Memoization and Its Impact on Object Shapes
While object shapes offer great improvements, they do not solve every performance problem. A common pattern in Ruby is memoization:
def dynamic_property @dynamic_property ||= something_slow_to_compute end
Memoization stores the result of a computation in an instance variable to avoid repeated calculations. However, memoization can conflict with the benefits of object shapes. When new instance variables are added dynamically (e.g., memoized variables), it increases the number of possible shapes an object can have.
For example, with one memoized variable, a class can have 2 possible shapes. With two memoized variables, the number of shapes doubles to 4. This growth follows a factorial pattern: with n memoized variables, there can be 1 + n! possible shapes.
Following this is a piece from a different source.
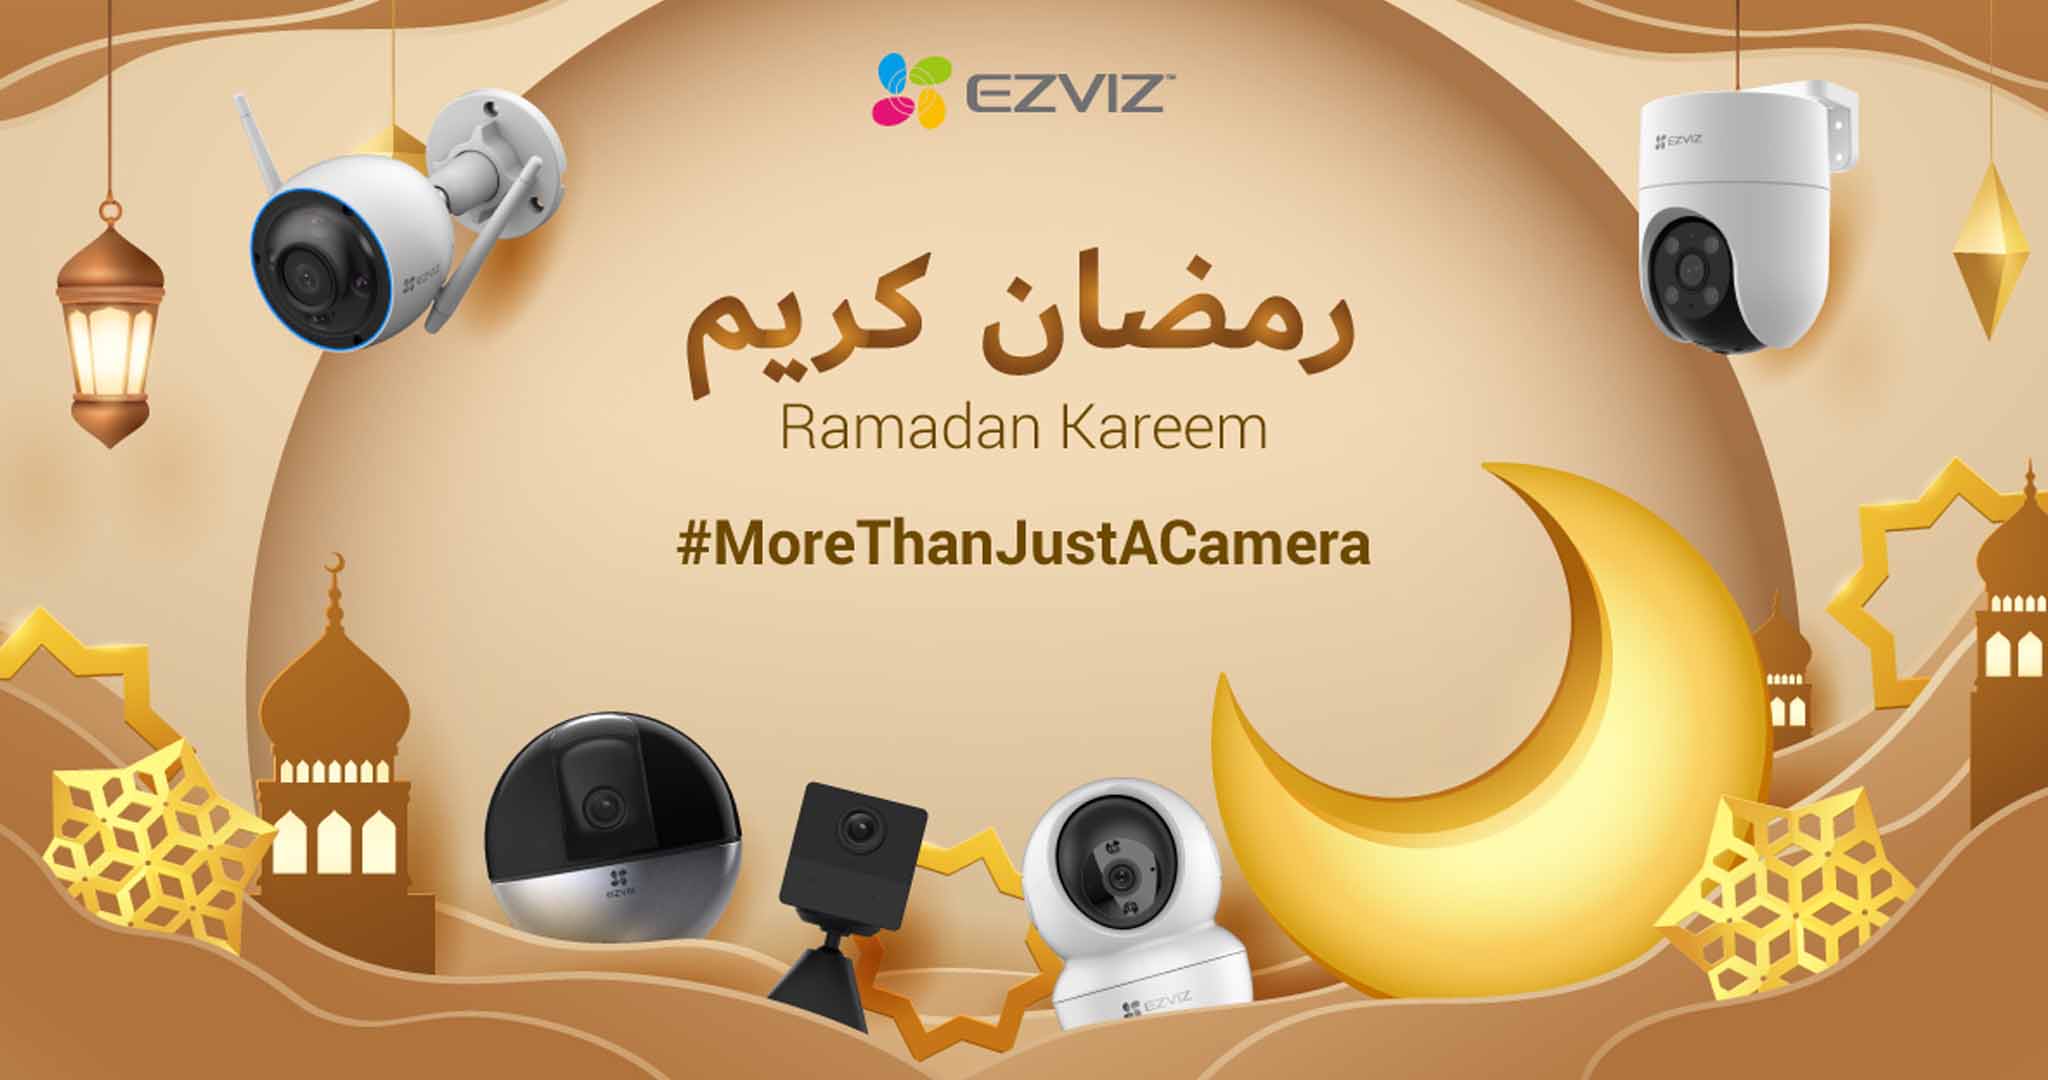 EZVIZ announces its exciting Ramadan campaign, echoing values of family companionship and caring with special offers on smart home gadgets
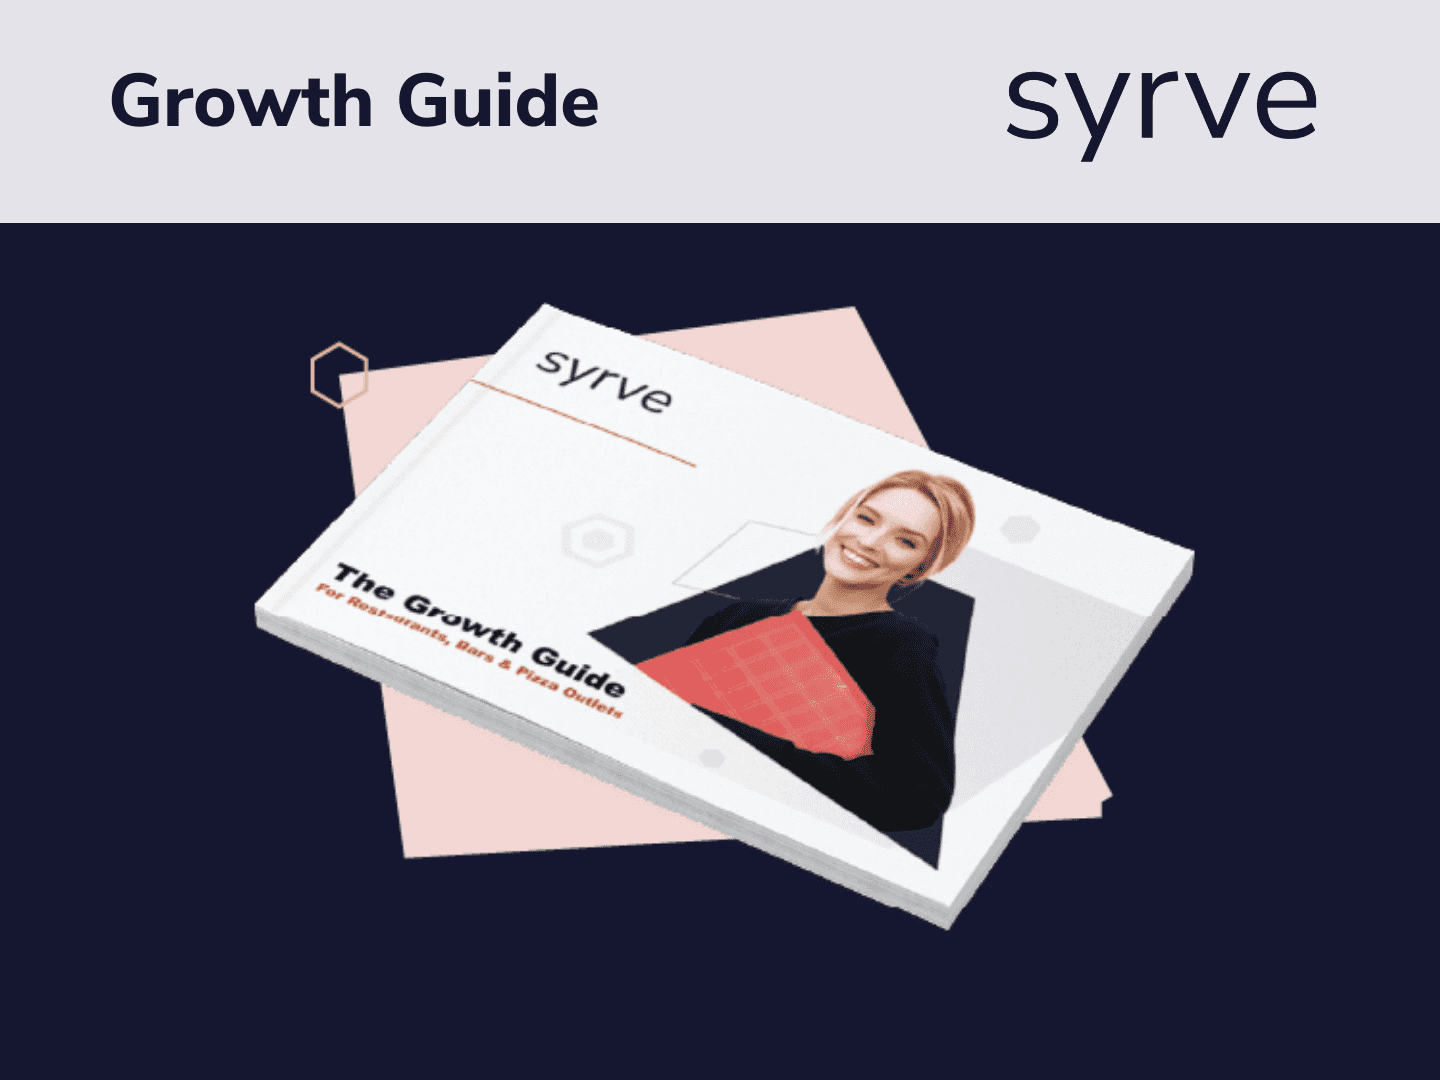 Growth Guide

This explosion of shapes causes the inline cache hit rate to degrade, leading to slower performance.
Benchmarking Memoization with Object Shapes

To demonstrate the impact of memoization on performance with object shapes, consider the following benchmark:
class UnstableShape
attr_reader :name
def initialize(name)
@name = name
end
def first_name
@first_name ||= @name.split.first
end
def upcased_name
@upcased_name ||= @name.upcase
end
end
# Benchmarking the performance of stable and unstable shapes
require 'benchmark/ips'
Benchmark.ips do |x|
x.report("stable shape") do
stable_1.first_name
stable_1.upcased_name
end
x.report("unstable shape") do
unstable_1.first_name
unstable_1.upcased_name
end
x.compare!(order: :baseline)
end
In this benchmark, we compare the performance of instance variable access in objects with stable and unstable shapes. While stable shapes perform at approximately 15 million iterations per second, objects with unstable shapes (due to memoization) are 16% slower, with a performance of 13.2 million iterations per second.
Conclusion

Ruby 3.2’s introduction of object shapes brings significant improvements to the performance of object attribute access, especially in polymorphic scenarios. However, developers should be cautious when using memoization, as it can lead to a factorial increase in the number of object shapes, negatively affecting performance. By understanding the interplay between memoization and object shapes, developers can make more informed decisions on how to optimize their Ruby applications for both performance and maintainability.